# GIVEN MATERIAL
..........

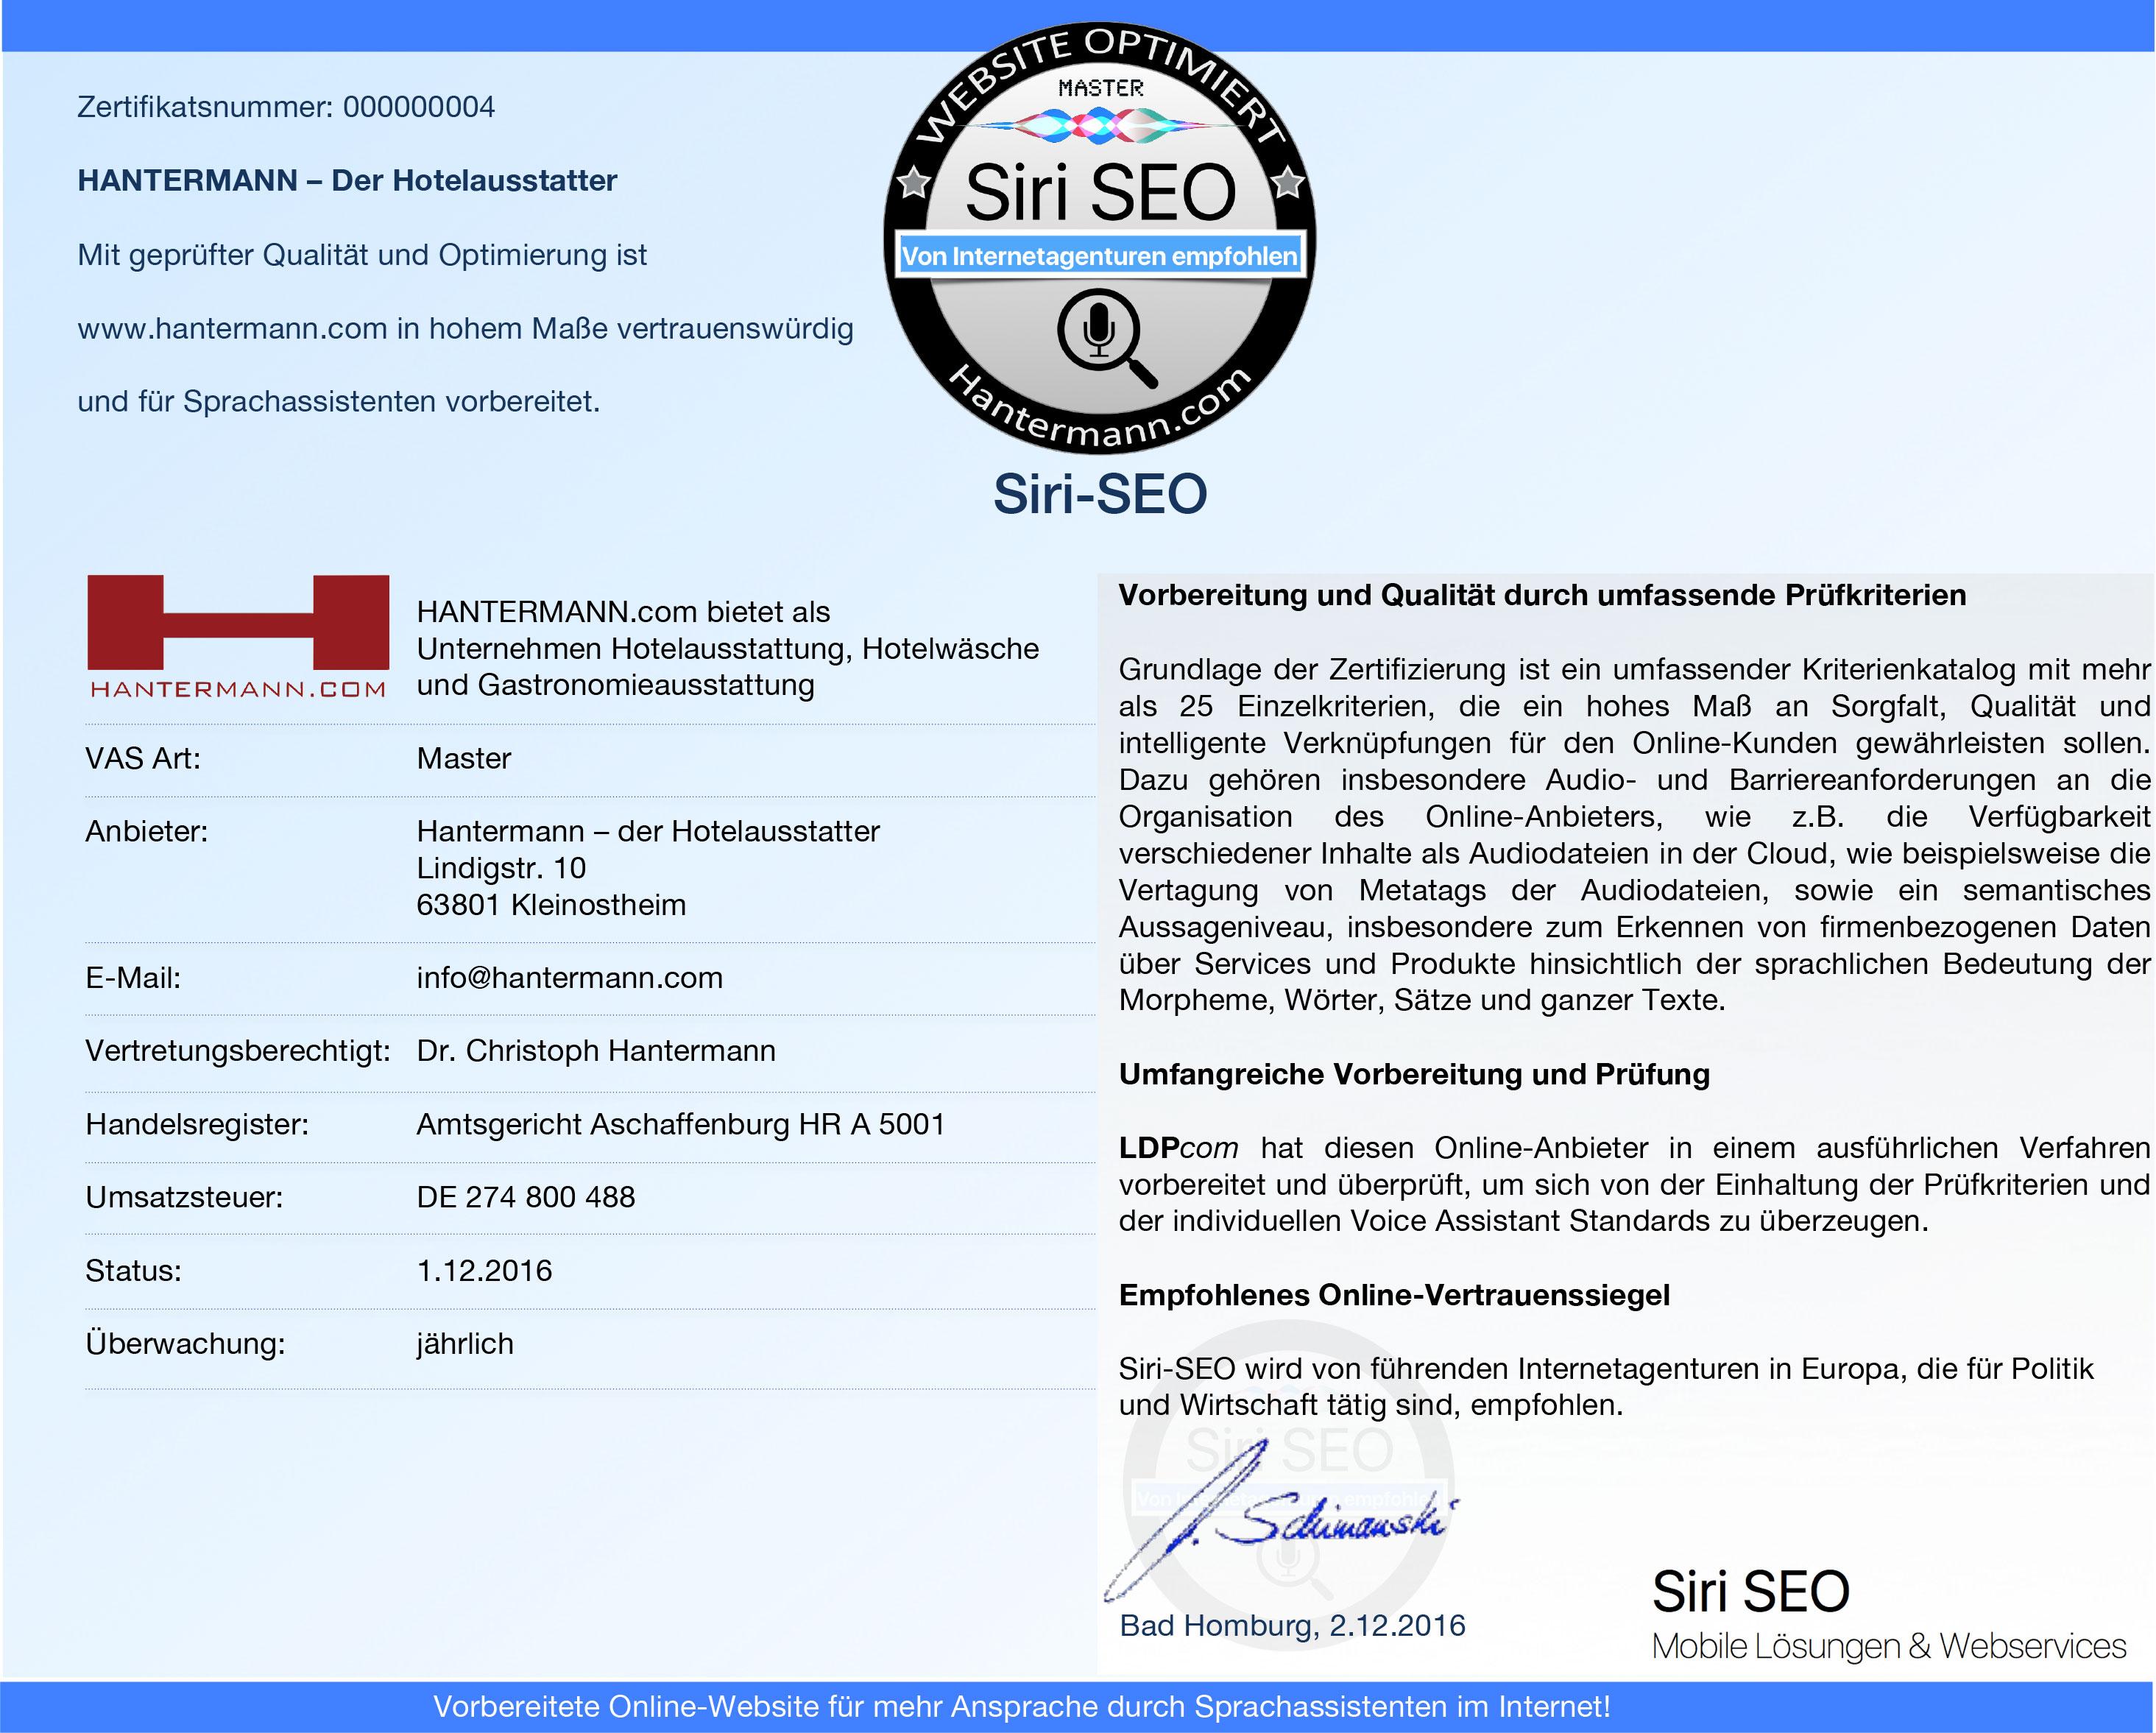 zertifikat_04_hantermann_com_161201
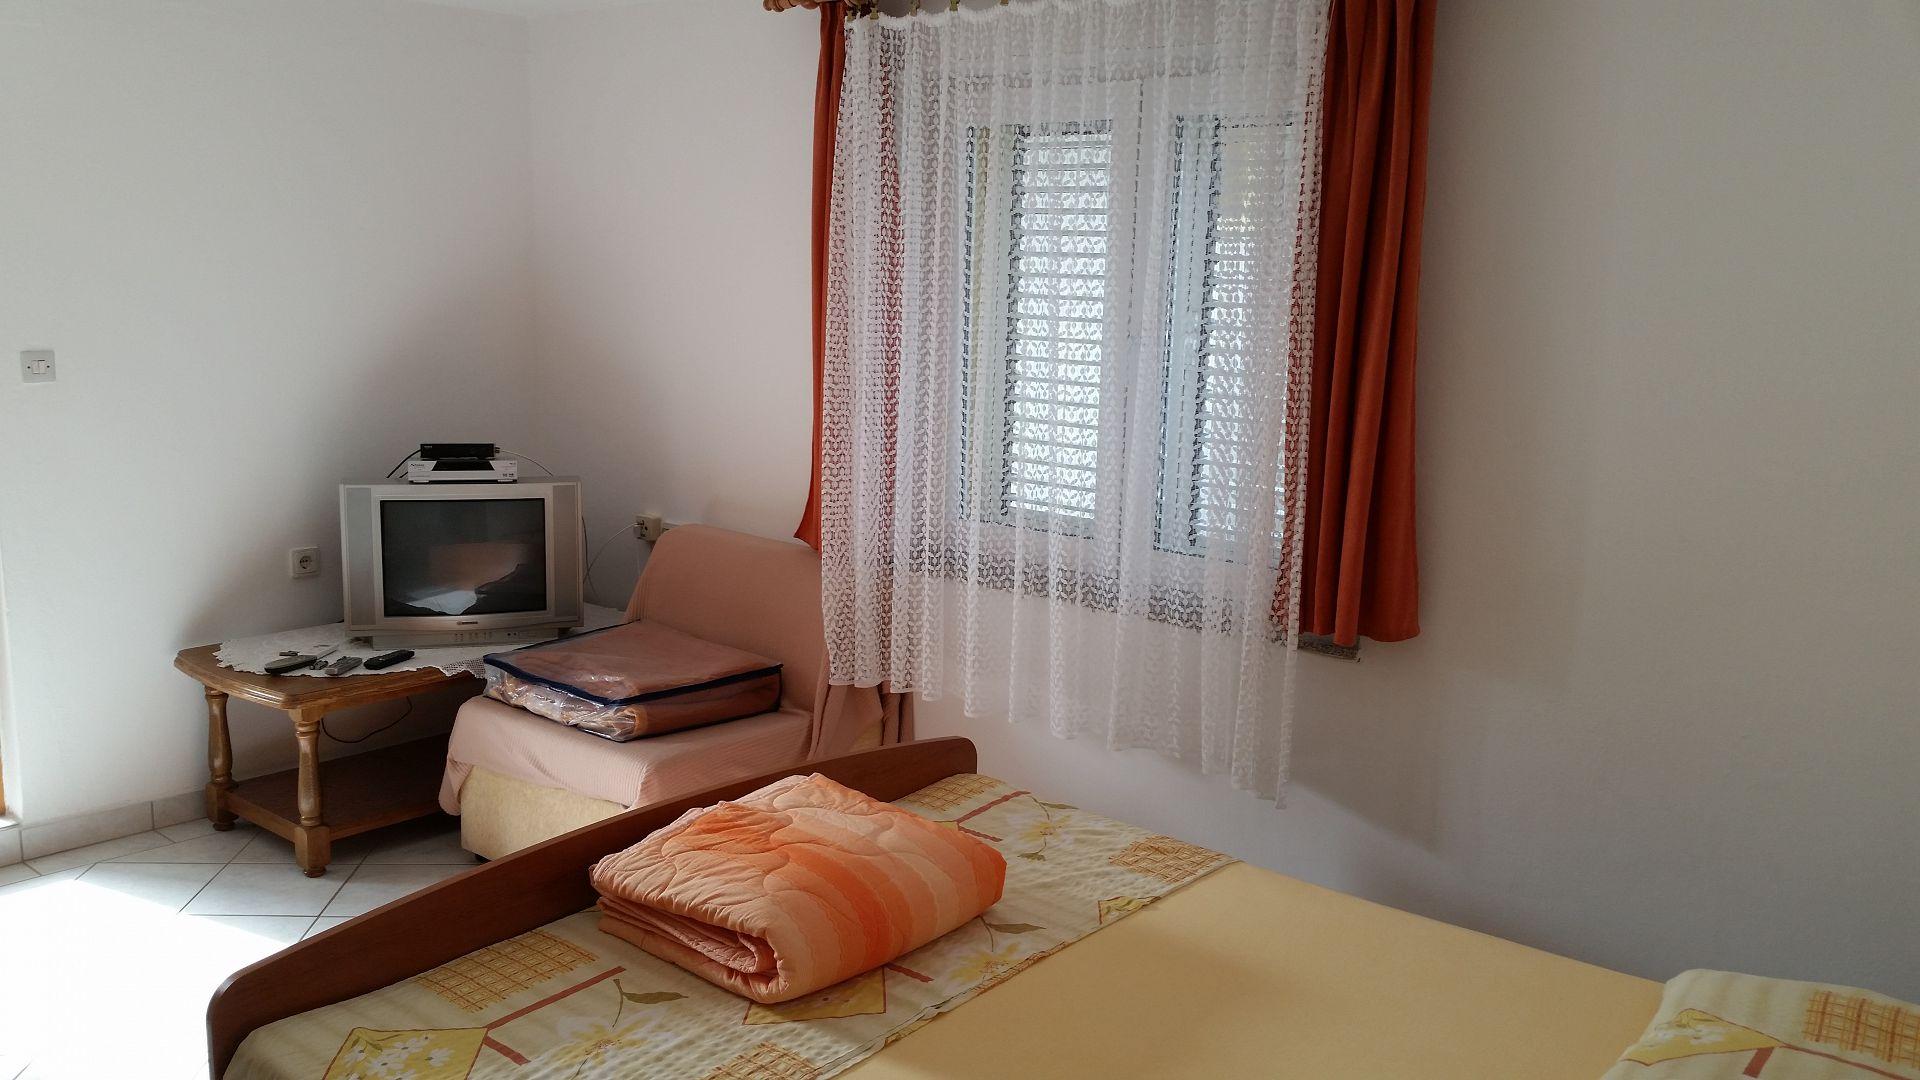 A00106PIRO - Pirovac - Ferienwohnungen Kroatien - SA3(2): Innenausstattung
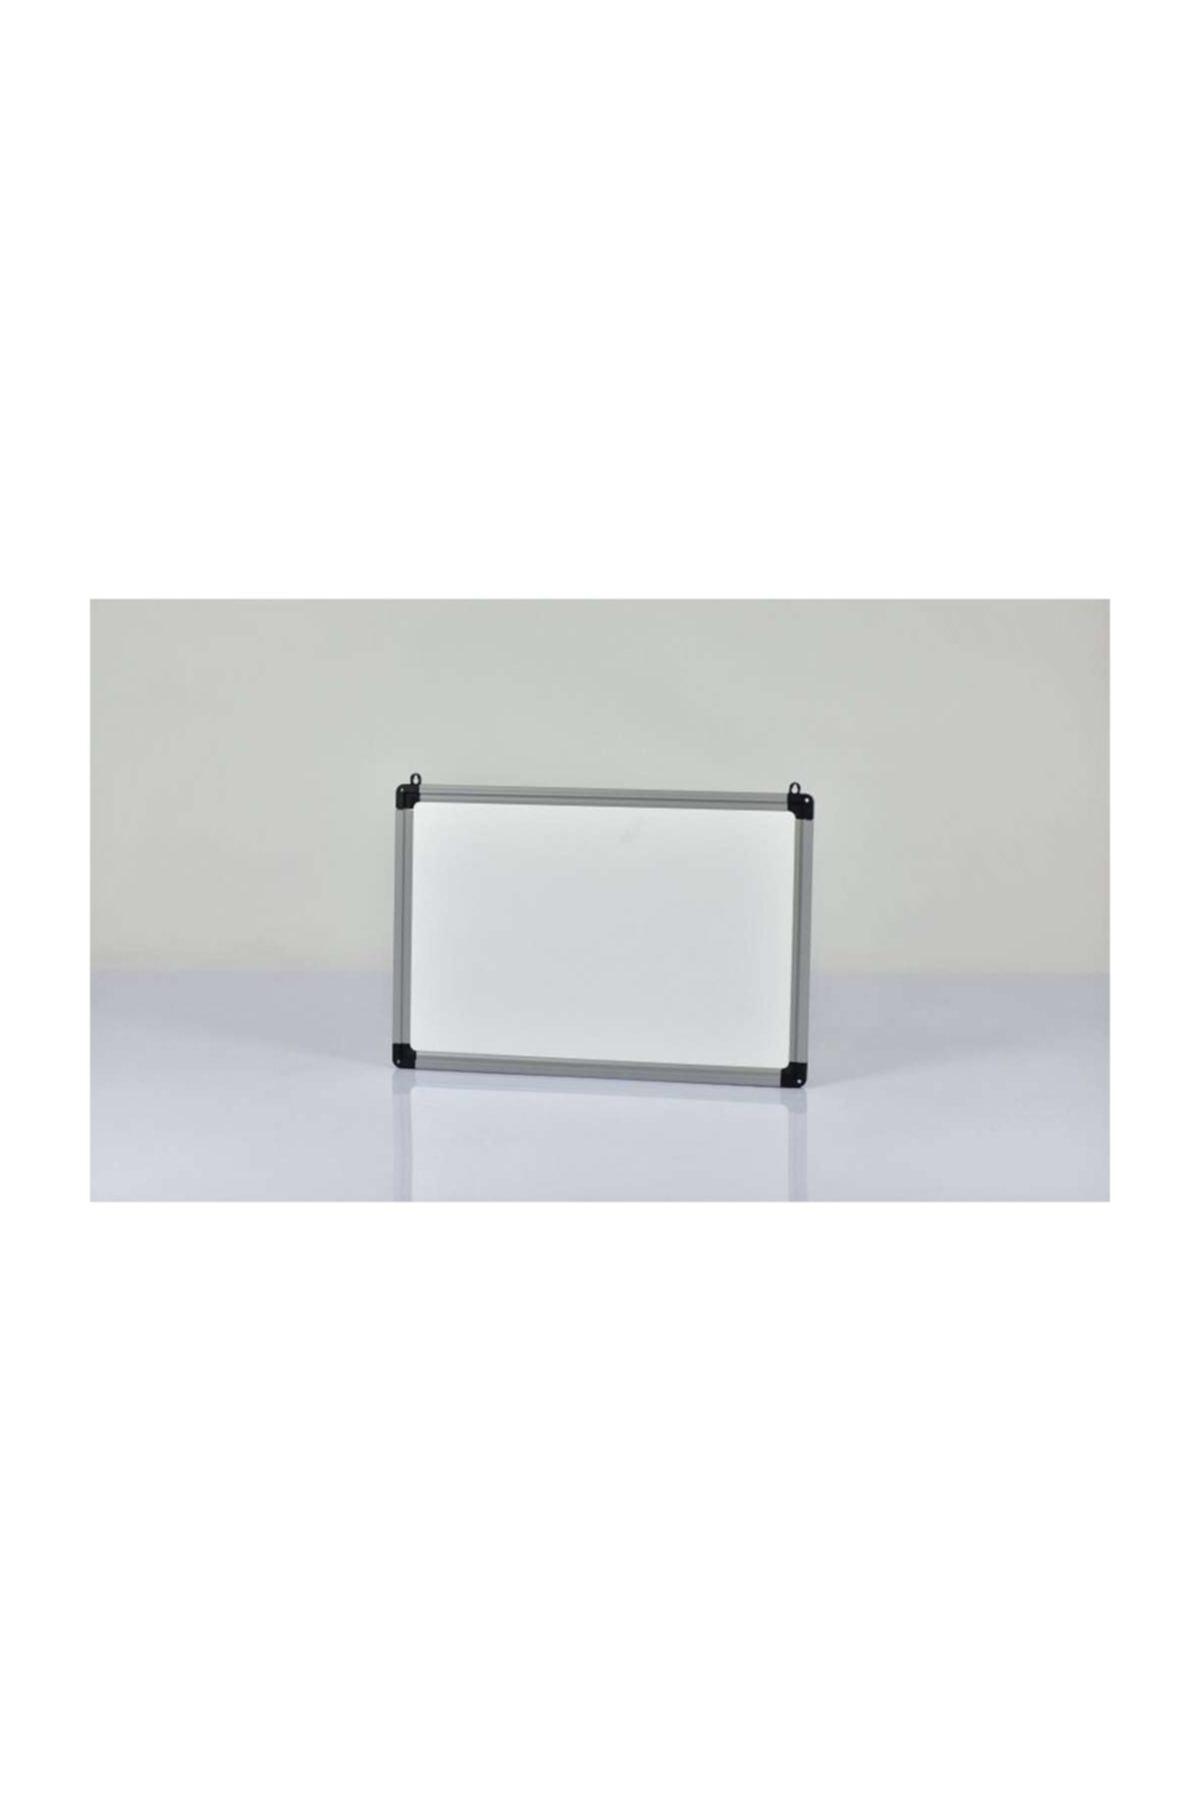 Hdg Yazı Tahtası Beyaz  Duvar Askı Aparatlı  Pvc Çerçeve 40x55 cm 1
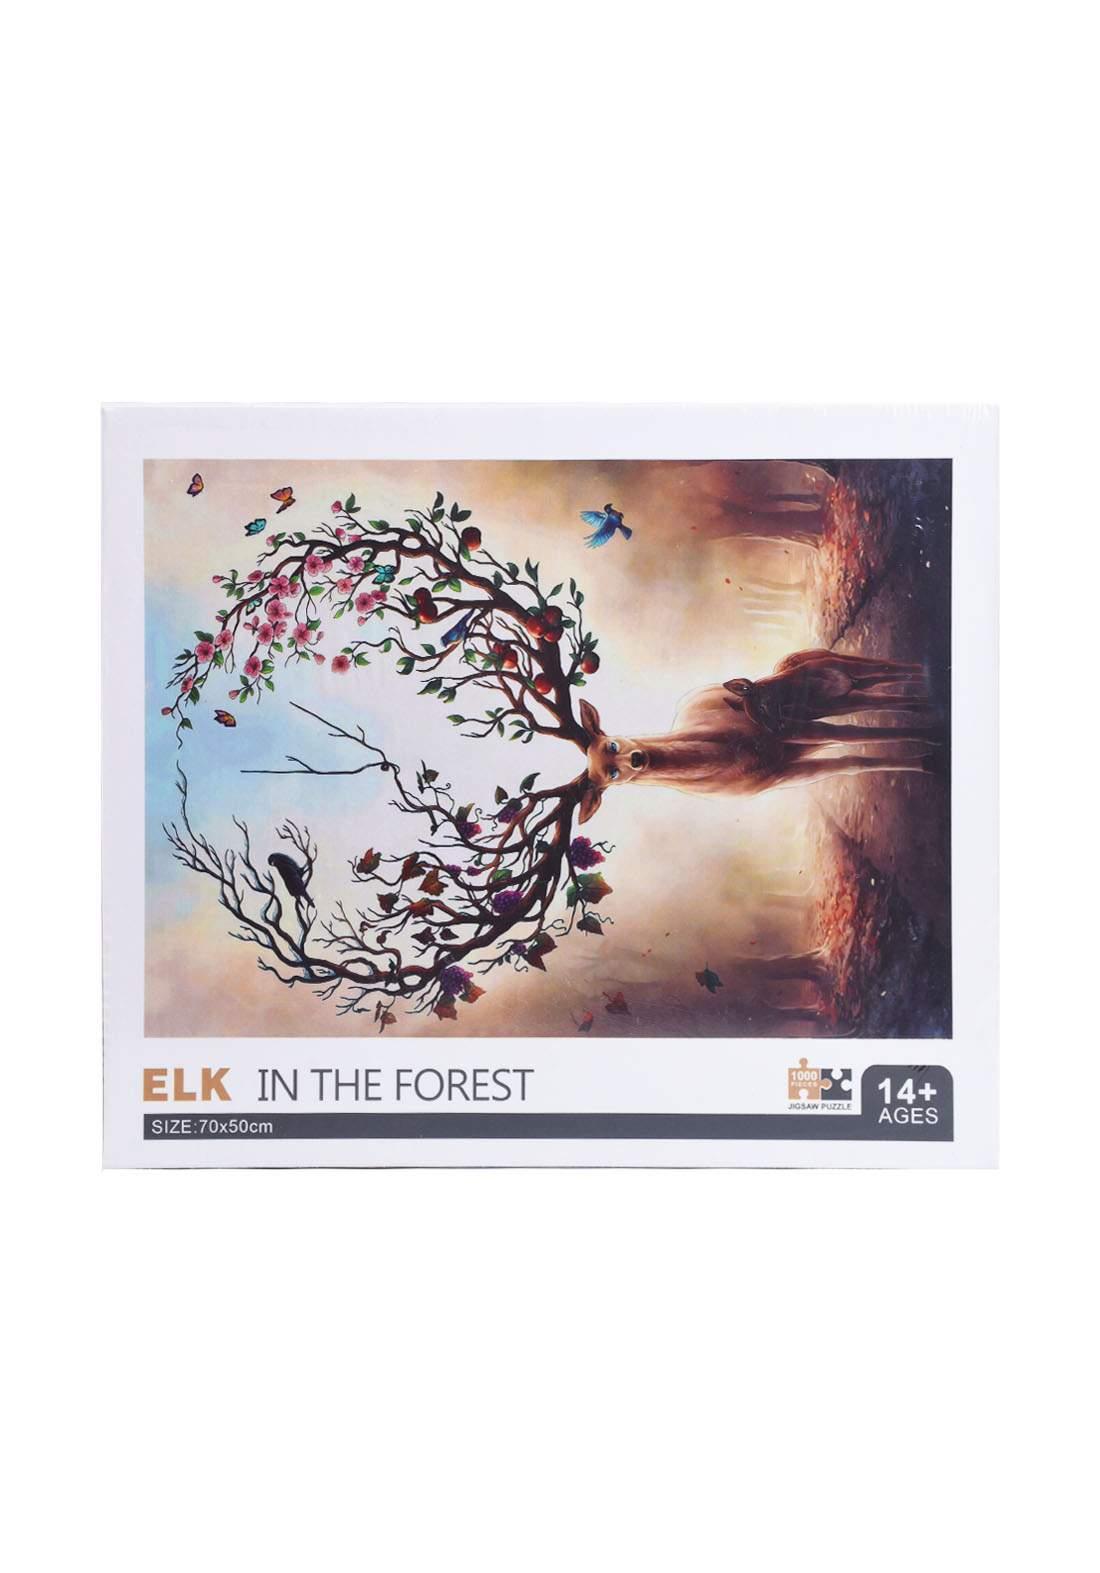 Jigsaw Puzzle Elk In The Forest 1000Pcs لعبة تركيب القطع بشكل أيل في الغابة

..........

Please write out all the data word for word, but keep every picture out.

 zertifikat_04_hantermann_com_161201
 A00106PIRO - Pirovac - Ferienwohnungen Kroatien - SA3(2): Innenausstattung
 Hdg Yazı Tahtası Beyaz  Duvar Askı Aparatlı  Pvc Çerçeve 40x55 cm 1
 Jigsaw Puzzle Elk In The Forest 1000Pcs لعبة تركيب القطع بشكل أيل في الغابة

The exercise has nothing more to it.